Learning transform invariant object recognition in the visual system with multiple stimuli present during training
Introduction
An important problem in understanding natural vision is how the brain can build invariant representations of individual objects even when multiple objects are present in a scene. What mechanisms enable the learning to proceed without the different objects interacting with each other to interfere with the learning of individual object representations? In this paper we describe and analyze an approach to this which relies on the statistics of natural environments. The approach takes account of the statistics that any object can be present with any one of a number of other objects or backgrounds during learning, with some statistical independence of any one object from other objects in the scene.

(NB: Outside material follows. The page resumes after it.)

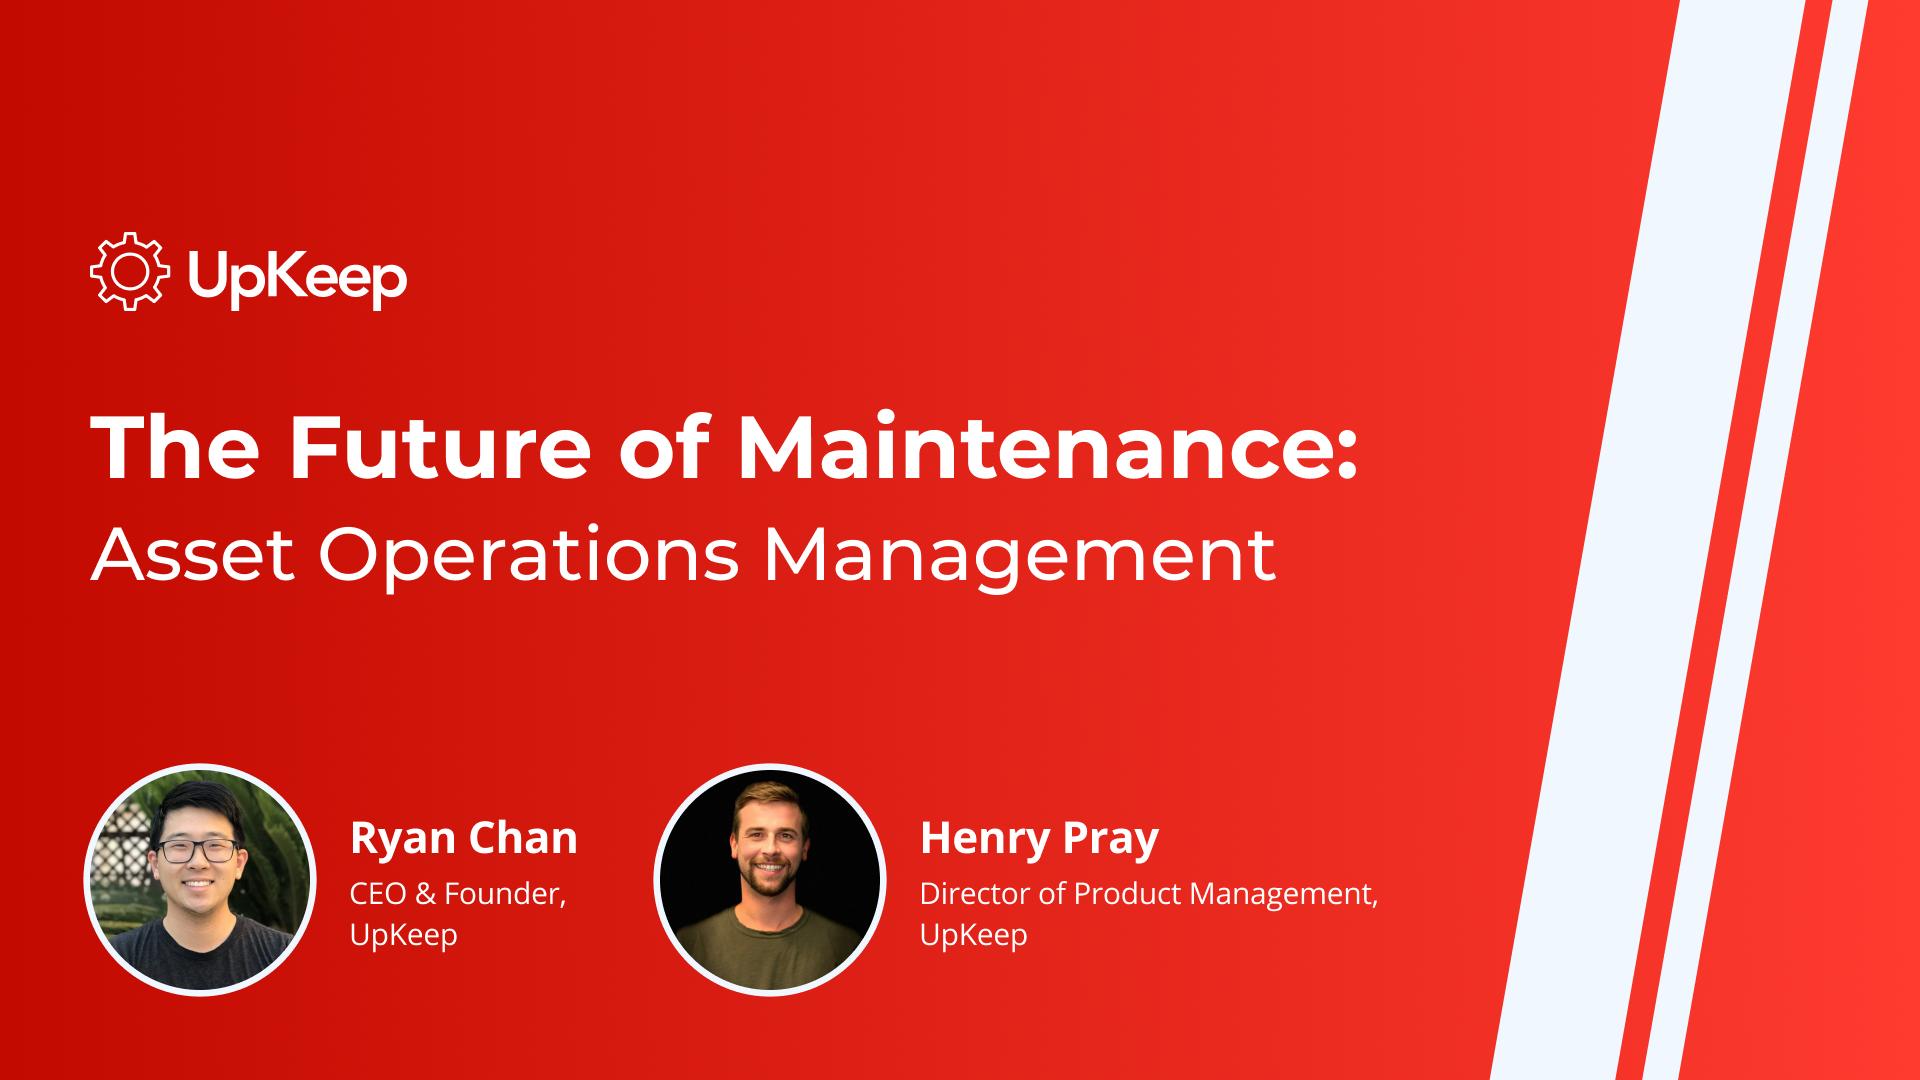 The Future of Maintenance: Asset Operations Management

Over successive stages, the visual system develops neurons that respond with view, size and position (translation) invariance to objects or faces (Desimone, 1991, Perrett and Oram, 1993, Rolls, 1992, Rolls, 2000, Rolls and Deco, 2002, Tanaka et al., 1991). For example, it has been shown that the inferior temporal visual cortex has neurons that respond to faces and objects with translation (Ito et al., 1995, Kobotake and Tanaka, 1994, Op de Beeck and Vogels, 2000, Tovee et al., 1994), size (Ito et al., 1995, Rolls and Baylis, 1986), and view (Booth and Rolls, 1998, Hasselmo et al., 1989) invariance. Such invariant representations, once learned by viewing a number of the transforms of the object, are then useful in the visual system for allowing one-trial learning of, for example, the stimulus–reward association of the object, to generalize to other transforms of the same object (Rolls, 2005, Rolls and Deco, 2002).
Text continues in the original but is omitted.